В романе чувствуется трепетное отношение, и любовь к матери через это определение. Мне кажется, писатель и сам подпадает под такую категорию: «Свеча, зажженная в мире», но уже в другой ипостаси: красной нитью в его романах «Молоко волчицы», «Траншея» проходит идея защиты мира от Нейтронного меча. В это понятие он вкладывал предупреждение о гигантском скоплении современного вооружения – от «простых» ракет тактического назначения, до атомных ракет, бомб. В том числе и с сатанинской нейтронной начинкой, наносящей минимальные разрушения инфраструктуре городов, но убивающей всё живое.
Он зажёг свечу предостережения, свечу памяти по миллионам погибших до настоящего времени, чтобы не совершилось еще более страшной катастрофы вселенского масштаба.
Огромное наследие писателя из романов, сценариев, пьес также ждёт своего часа.
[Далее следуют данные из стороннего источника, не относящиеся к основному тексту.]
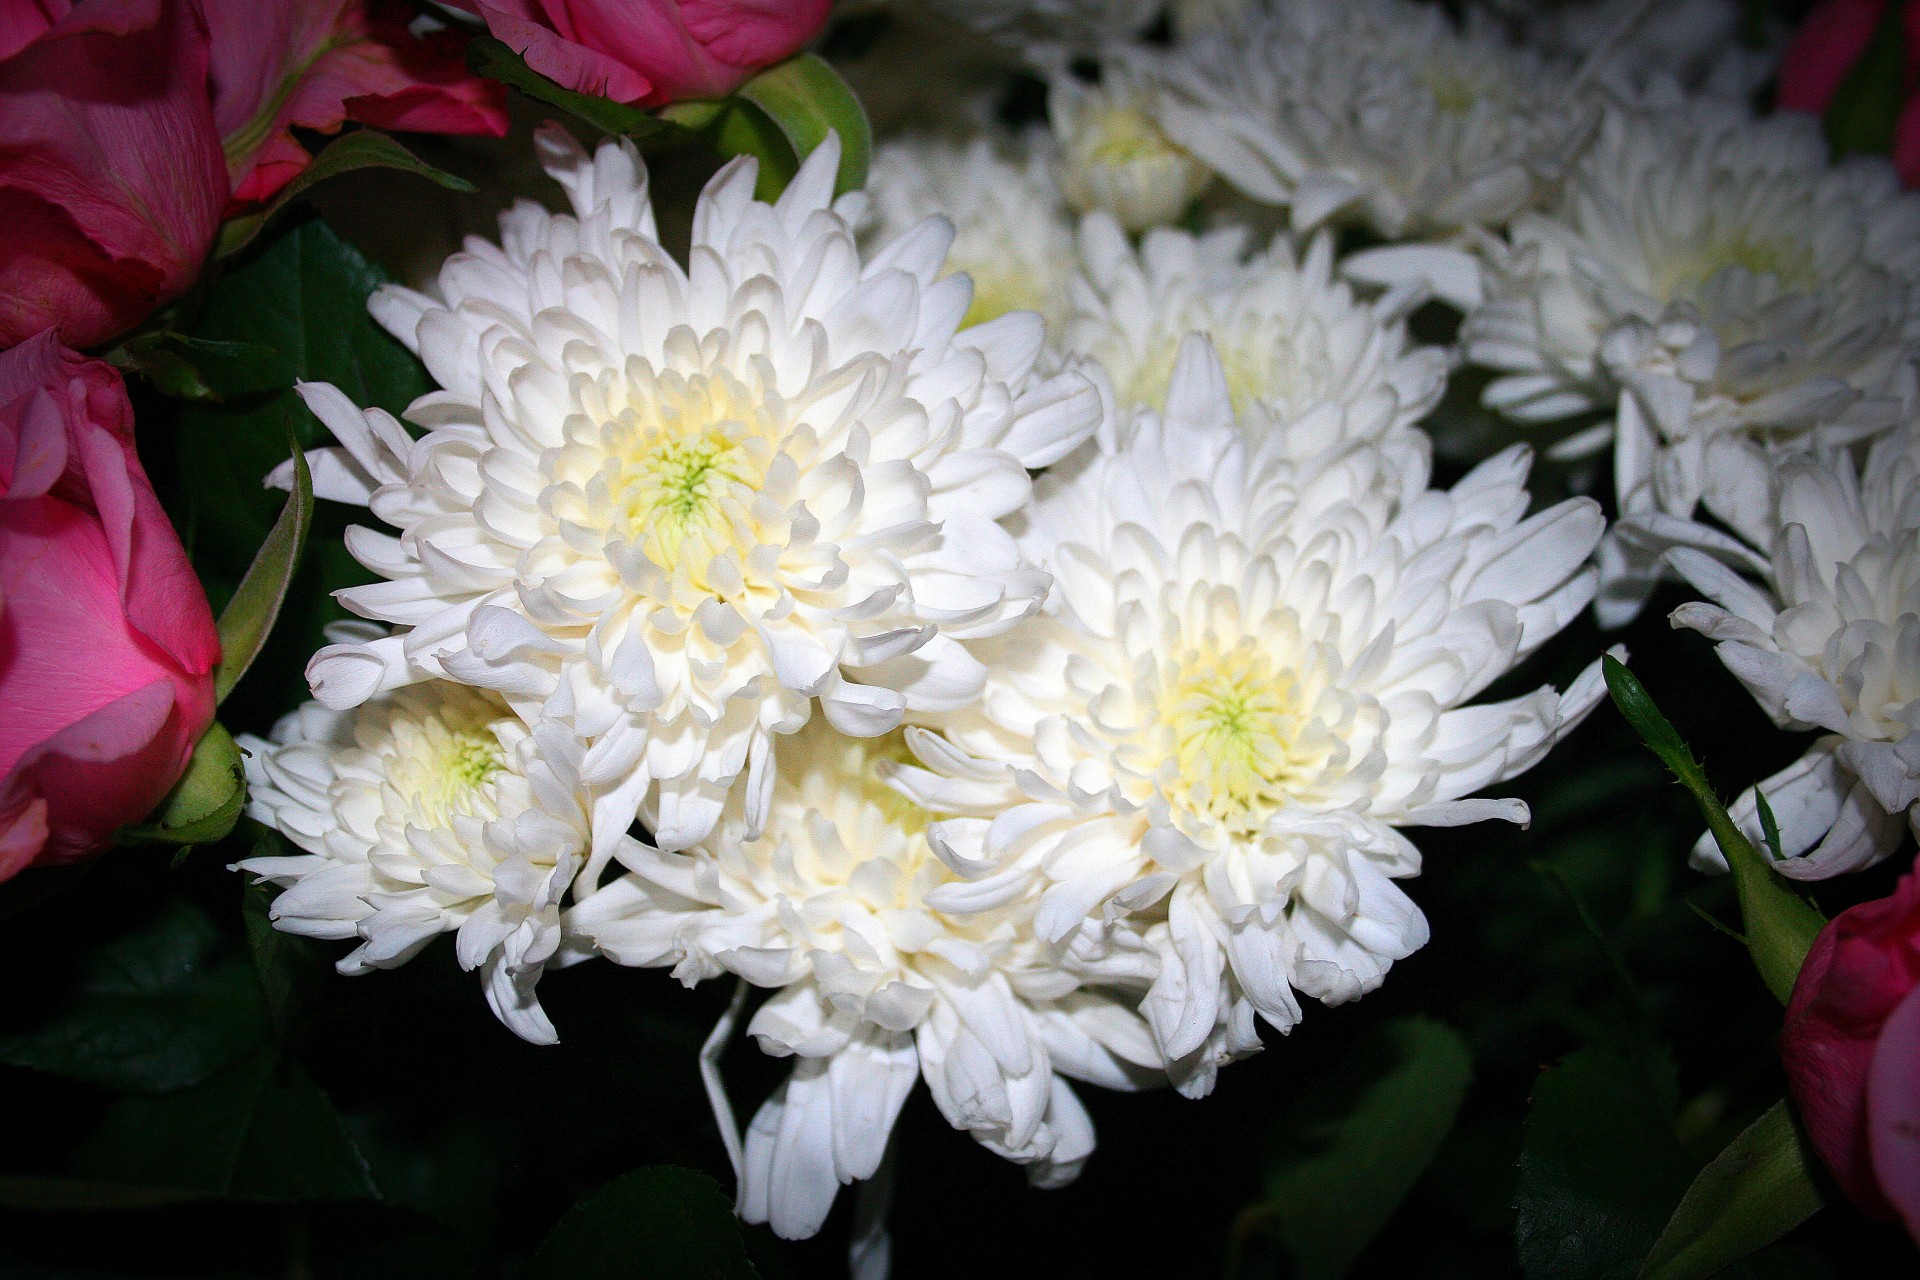 Crizanteme albe

Только совсем недавно отыскались архивы Андрея Терентьевича. Они переданы в краевую Лермонтовскую библиотеку и сейчас идёт исследовательская работа по их систематизации, подготовке к публикации романов и других художественных произведений, как в целом и всего наследия гениального земляка.
Но вернемся к поэтической составляющей нашего земляка. Мало кто из маститых публицистов, обозревателей творчества Губина доселе говорил всерьёз о его поэзии.
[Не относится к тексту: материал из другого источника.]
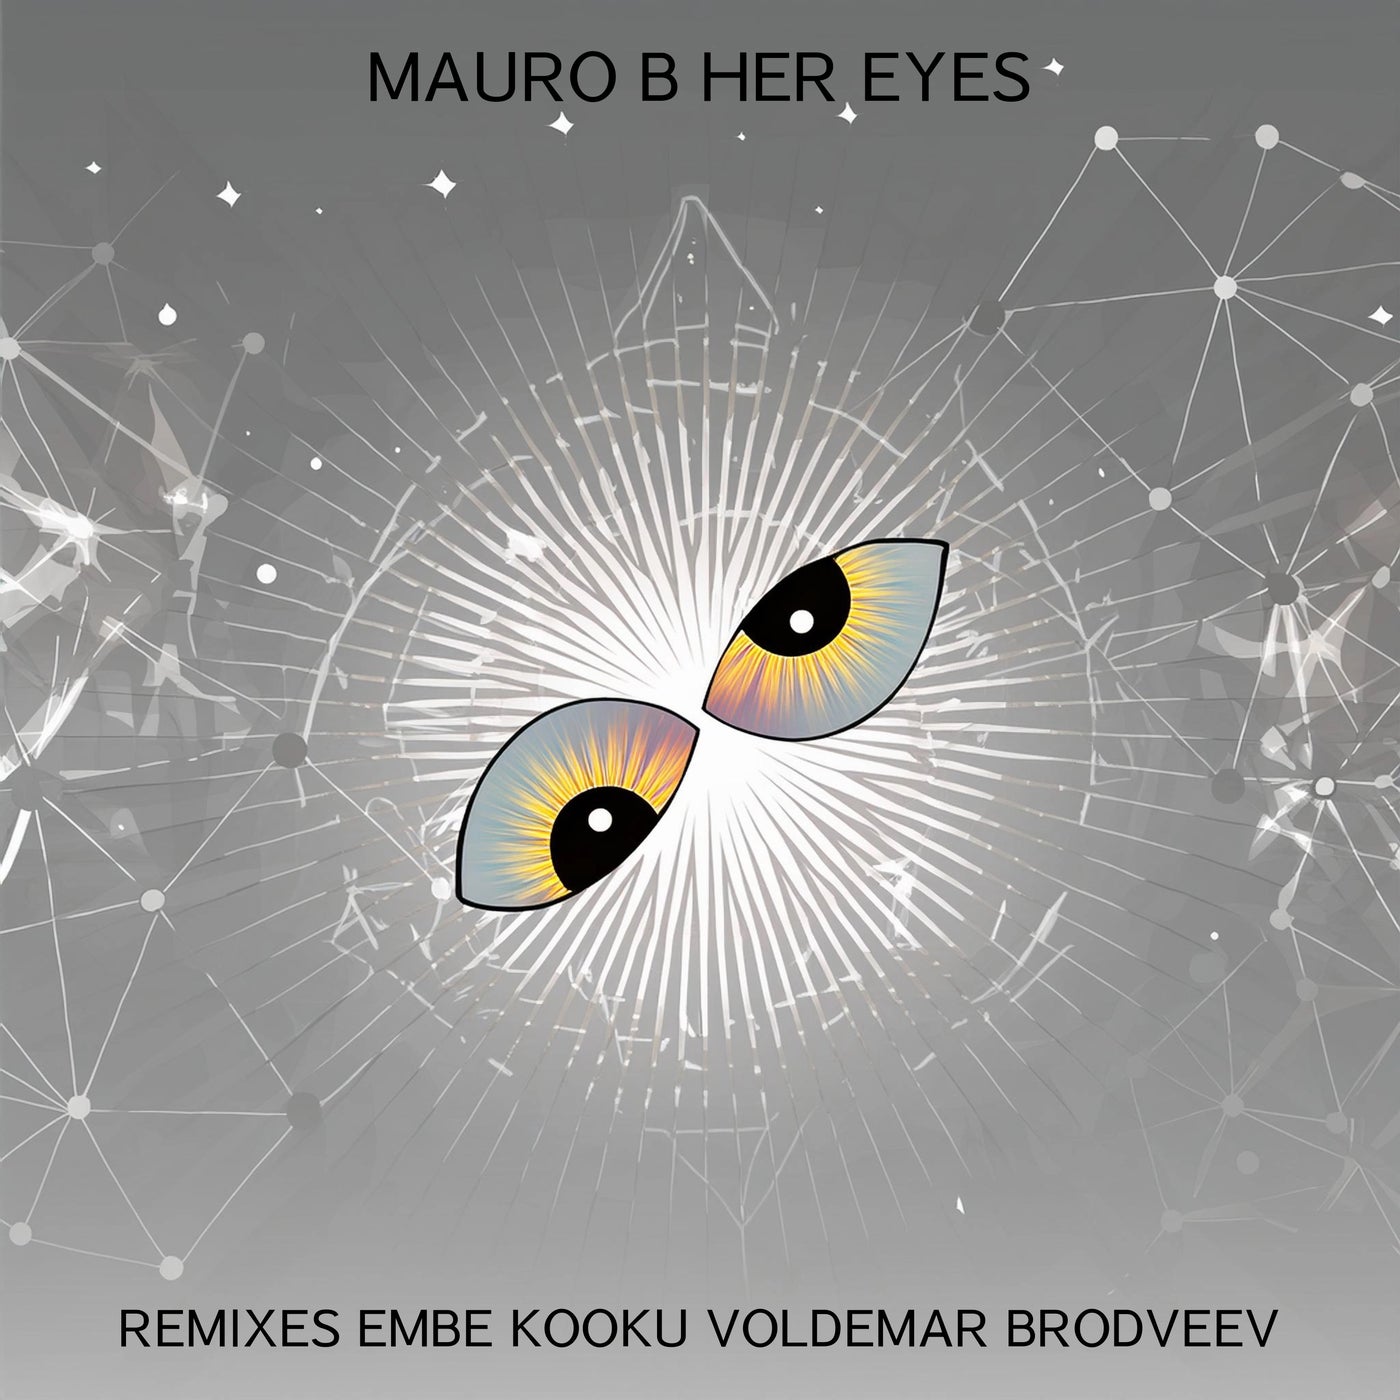 Her Eyes Remixes

Поэтический язык Губина действительно непрост, в некоторых местах он шероховат, встречаются перебои ритма, «заумные» рассуждения, философствования. Но вызывает восхищение эрудиция автора и, как минимум, уважение к умению и лёгкости плетения кружева стиха среди совсем нелёгких проблем, поднимаемых поэтом.
Эта «небрежность» видна в ритмике стиха: «Зачем шёл я/ В ту ночь, не помню./ Видно, с хлебом/ Была задача всех дорог…». Перед словом «видно» явно напрашивается еще слог: «(И) видно, с хлебом…». Сбой ритма. Можно привести еще примеры.
Иногда он небрежен с ударением в словах: «Возможно, что из нас не будут/ ЖарИть шашлык иль лыко драть…». Азов по стихосложению он не проходил и, как у Есенина, у него проскальзывают сбои и инверсии.
Почитатели таланта писателя надеются и верят, что настанет благословенное время, когда всё-таки будут изданы не только все его «12 камней на Млечном пути Вселенной» – цикл из 12 книг «Созвездия Ярлыги», но и поэтический сборник Андрея Губина, куда войдут лирические стихи и посвящения. Сборник займет своё желанное место в сердцах поклонников творчества поэта.
Тогда можно будет предметнее говорить о его стихотворном творчестве, пока же мы можем о нём судить лишь по отдельно изданным стихам, разбросанным по газетным публикациям, напечатанным в разное время.